The Trump administration on Tuesday proposed relaxing Obama-era mandates meant to block methane leaks from oil and gas wells, part of a broader assault on federal regulations designed to combat climate change.

The Environmental Protection Agency proposal takes aim at requirements forcing energy companies to find and stop methane leaks at new and newly modified oil and gas wells, amid industry concerns that the mandates are unnecessary and too expensive.

The proposal would lessen the frequency of required inspections to hunt for methane leaks, remove a requirement that professional engineers certify some equipment designs and make it easier for energy companies to deploy emerging technologies to monitor emissions.

The EPA said its changes would save an estimated $484 million in regulatory costs from 2019 to 2025 — or $75 million annually.
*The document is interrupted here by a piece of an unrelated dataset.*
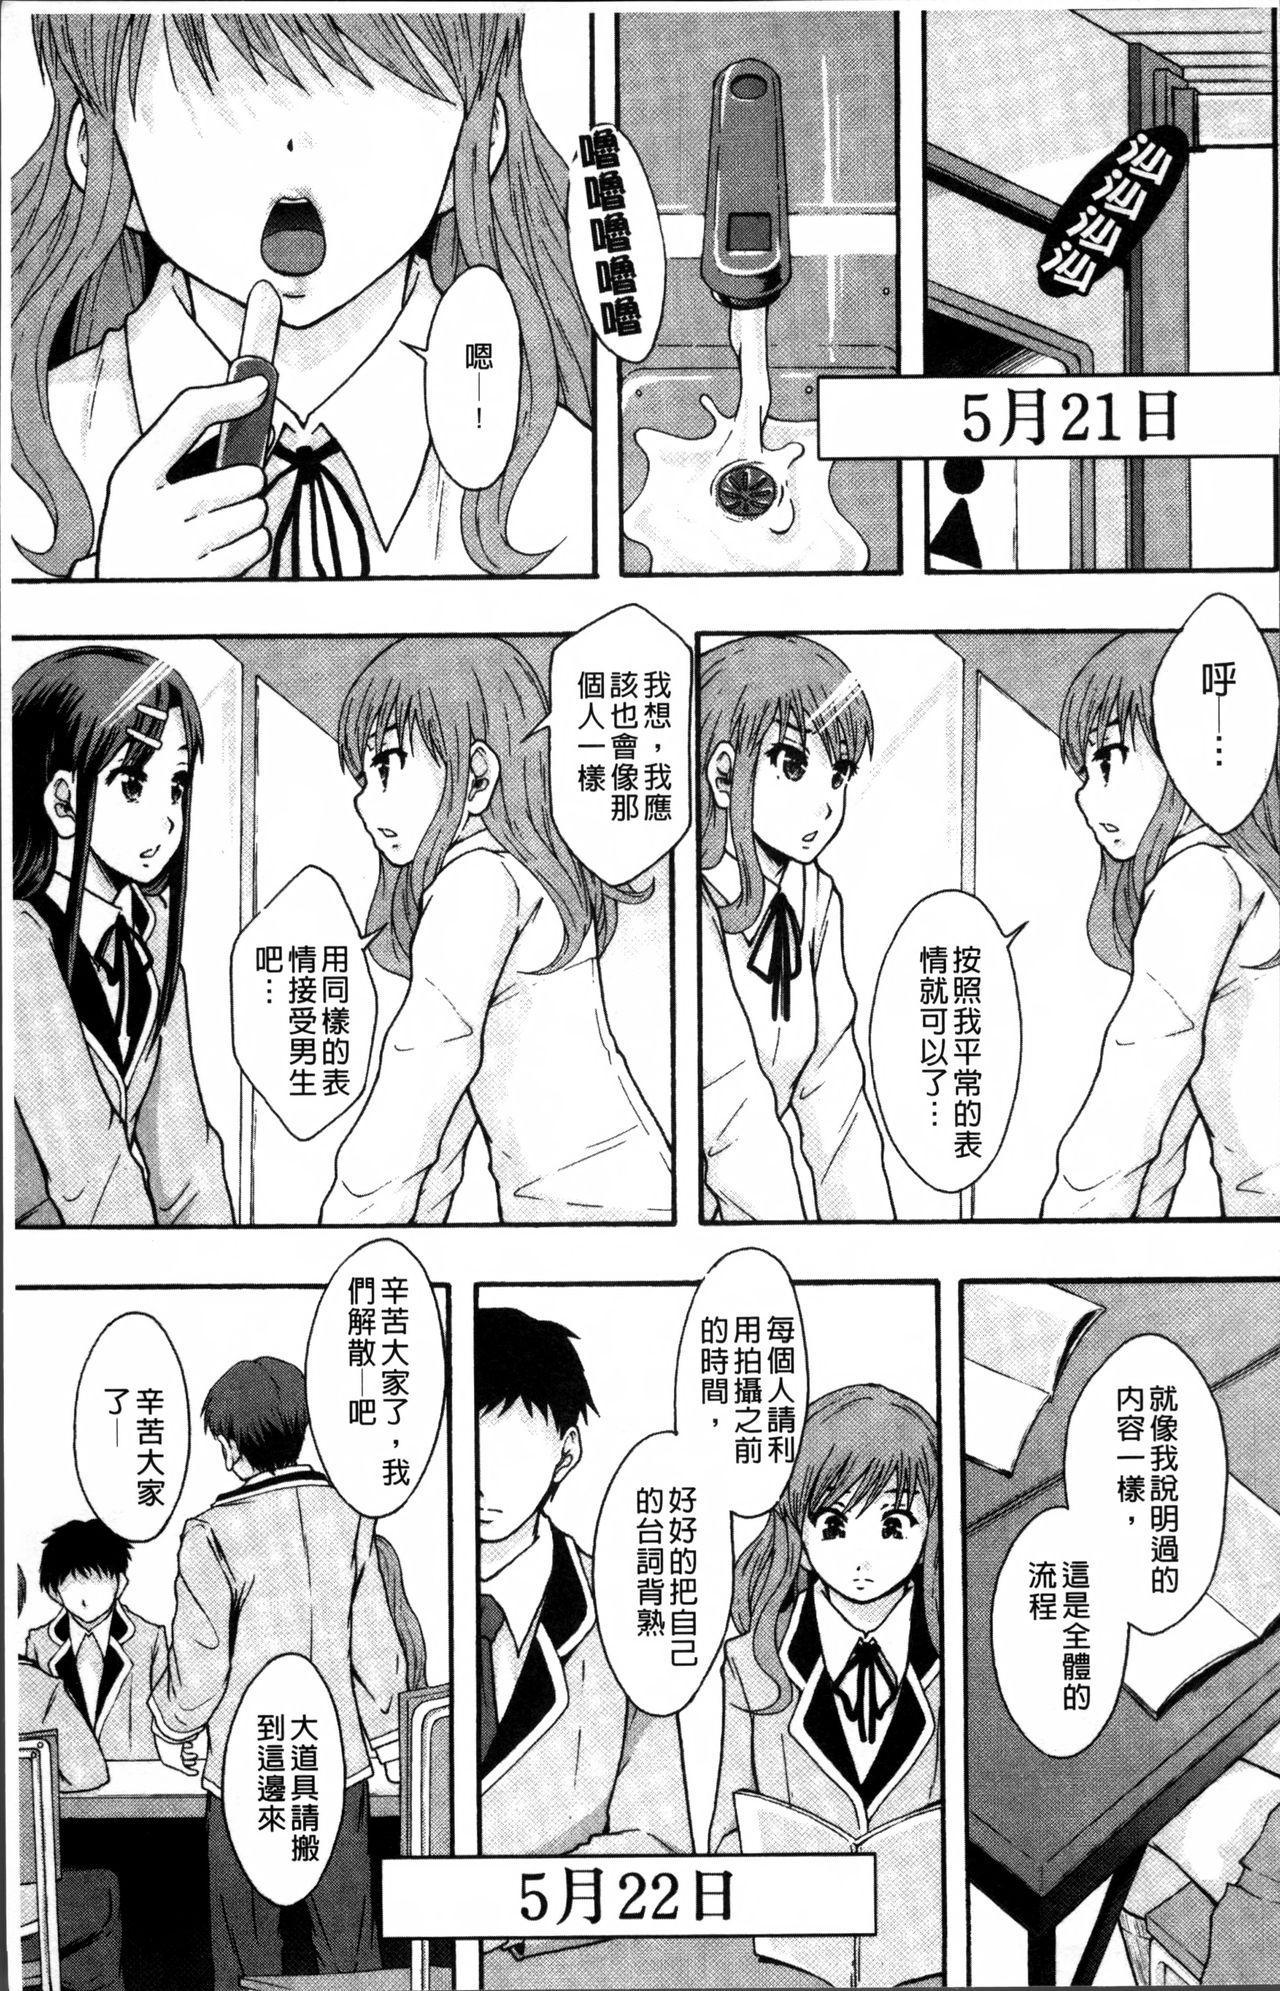 Anoko no Class wa AV-ka 33

"These common-sense reforms will alleviate unnecessary and duplicative red tape and give the energy sector the regulatory certainty it needs to continue providing affordable and reliable energy to the American people," EPA Acting Administrator Andrew Wheeler said in a statement. "Removing these excessive regulatory burdens will generate roughly $484 million in cost savings and support increased domestic energy production."
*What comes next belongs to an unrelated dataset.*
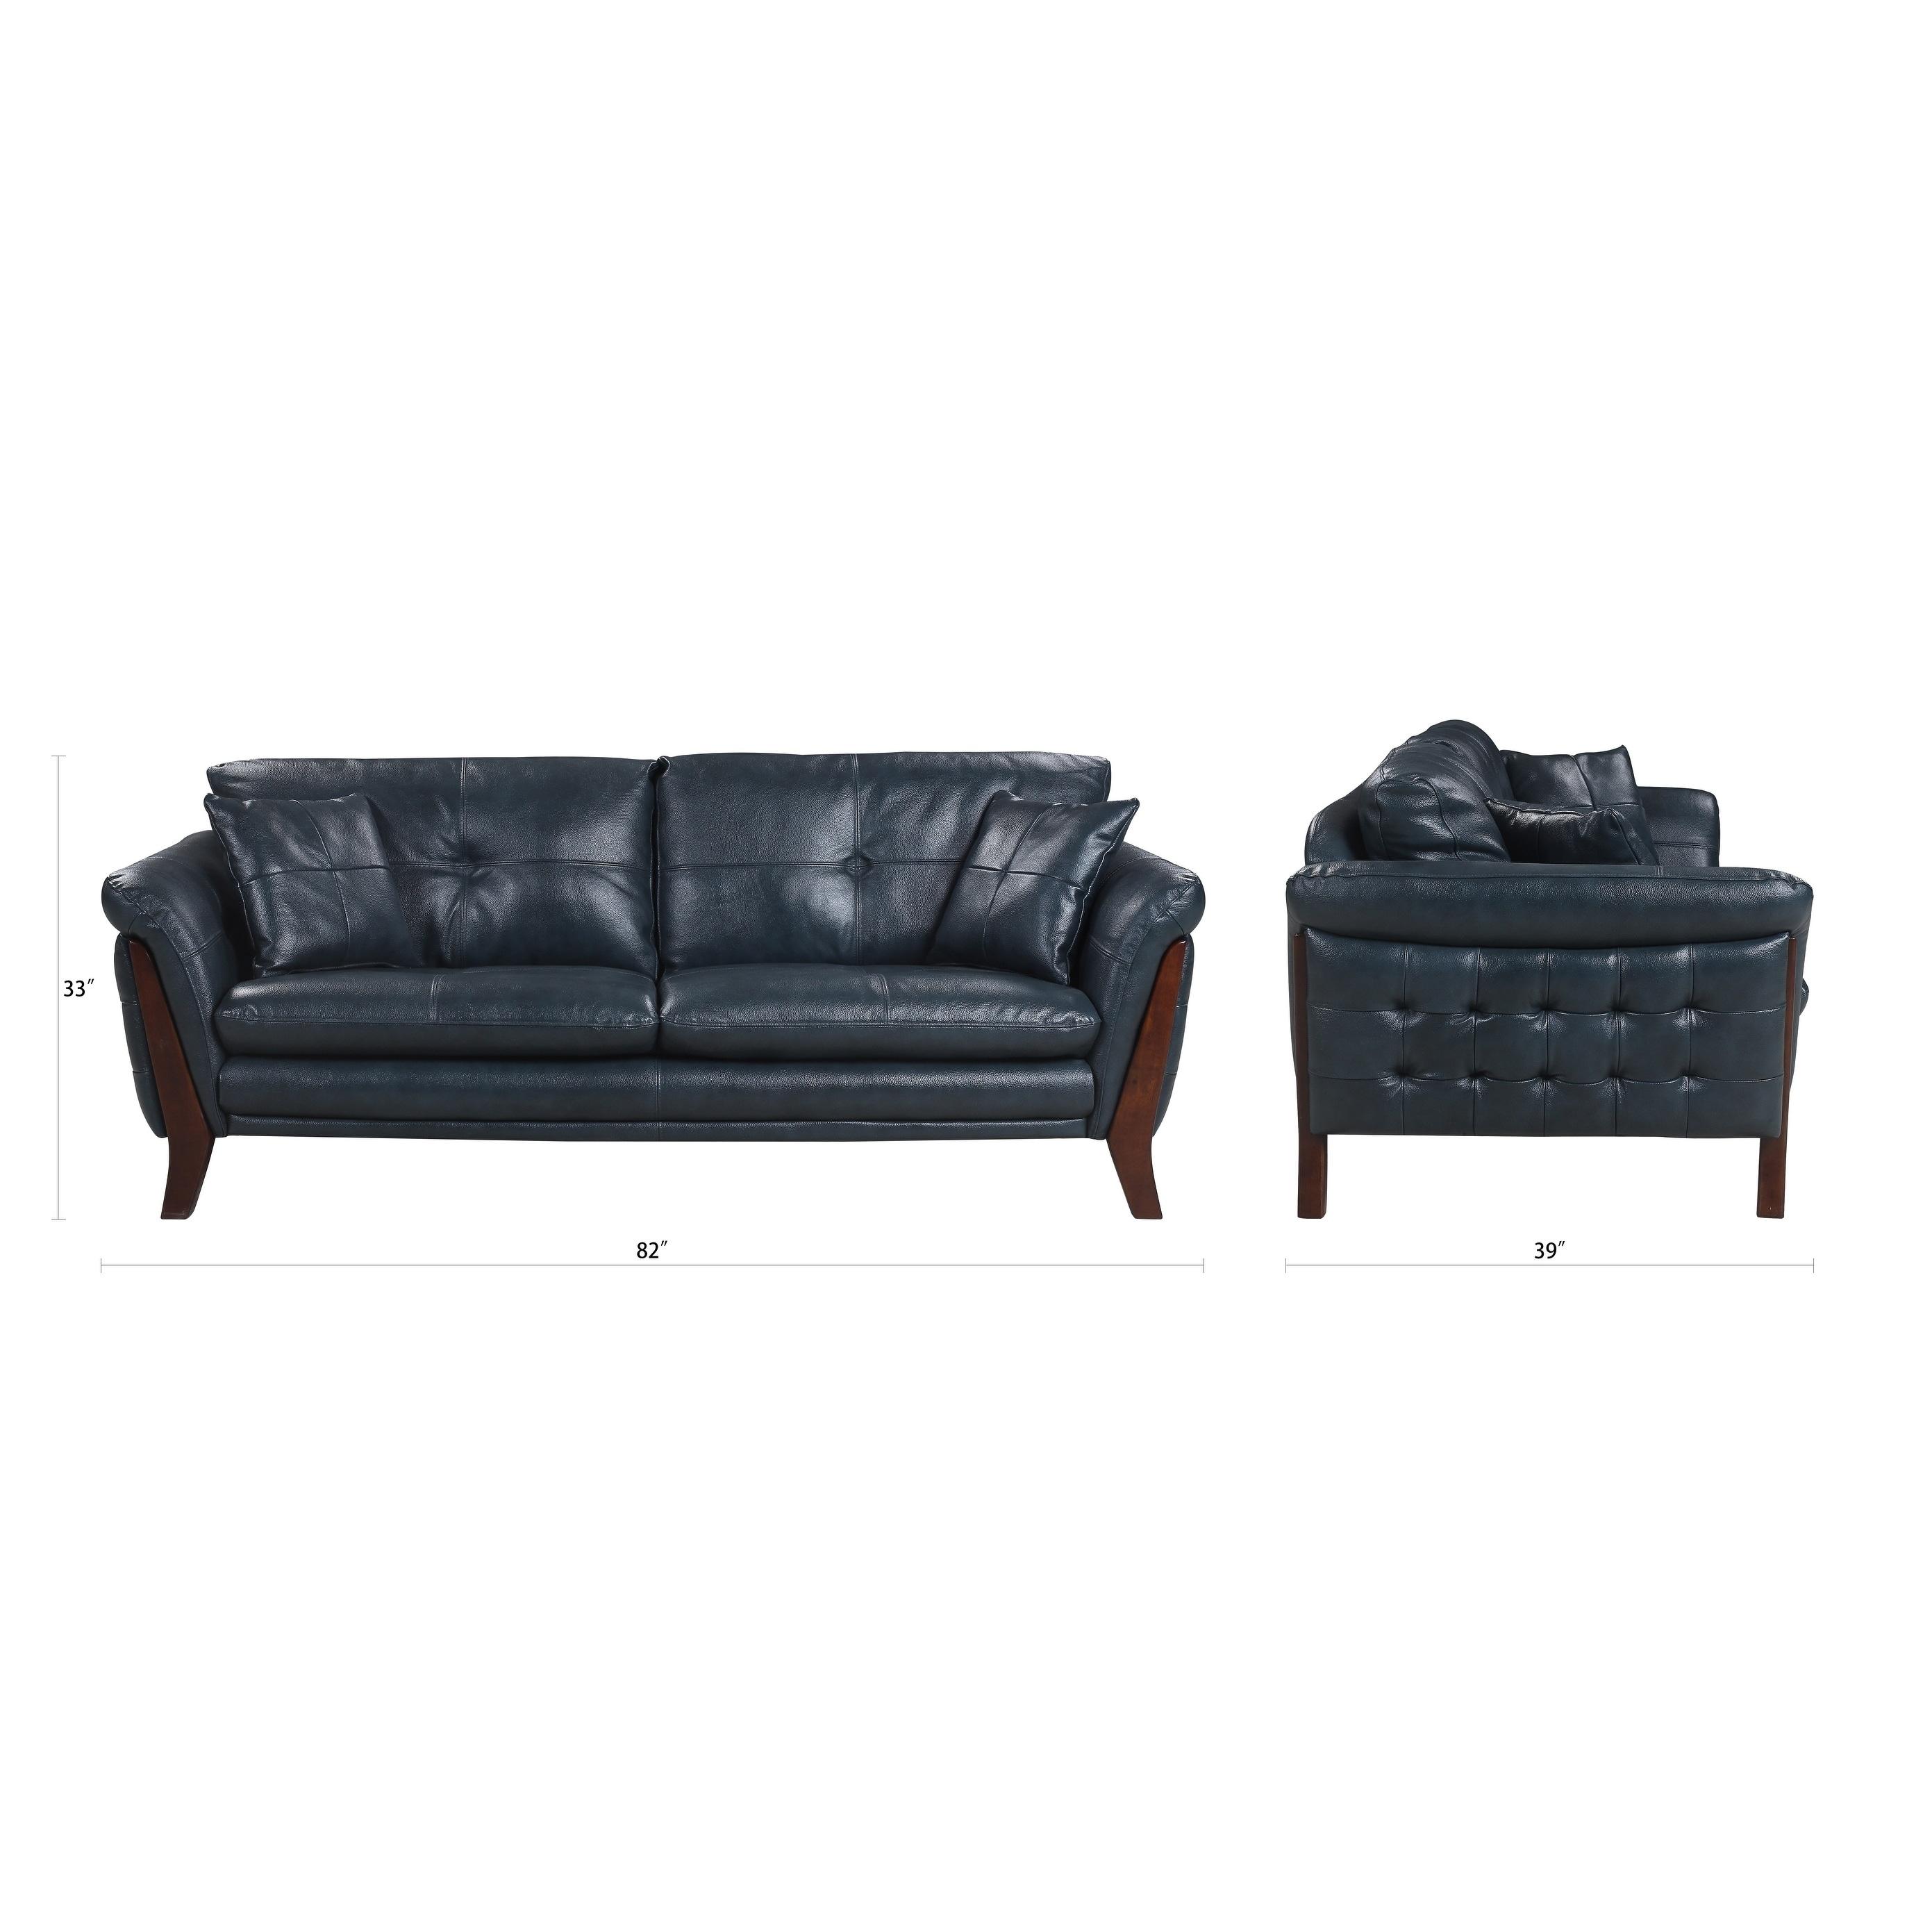 Mid Century Tufted Leather Sofa

The proposal will now be subject to a public comment period, paving the way for final changes next year. The effort dovetails with a separate Interior Department move to ease Obama administration mandates requiring energy companies to keep a better lid on natural gas escaping from wells on public land.
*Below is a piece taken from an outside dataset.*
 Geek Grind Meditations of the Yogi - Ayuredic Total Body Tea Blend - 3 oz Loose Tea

Both efforts are part of a broader assault by President Donald Trump on former President Barack Obama's climate legacy. Obama built a three-part strategy for combating climate change, with regulations capping greenhouse gas emissions from power plants, automobiles and oil wells.

Trump's EPA already proposed relaxing carbon dioxide limits for two of those targets in August: power plants and vehicles. Now, with methane, the Trump administration is taking aim at the third and final piece of Obama's 2013 climate action plan.

The oil and gas industry is the leading source of methane, an intense but short-lived greenhouse gas shown to warm the atmosphere 84 times more than carbon dioxide when measured over two decades.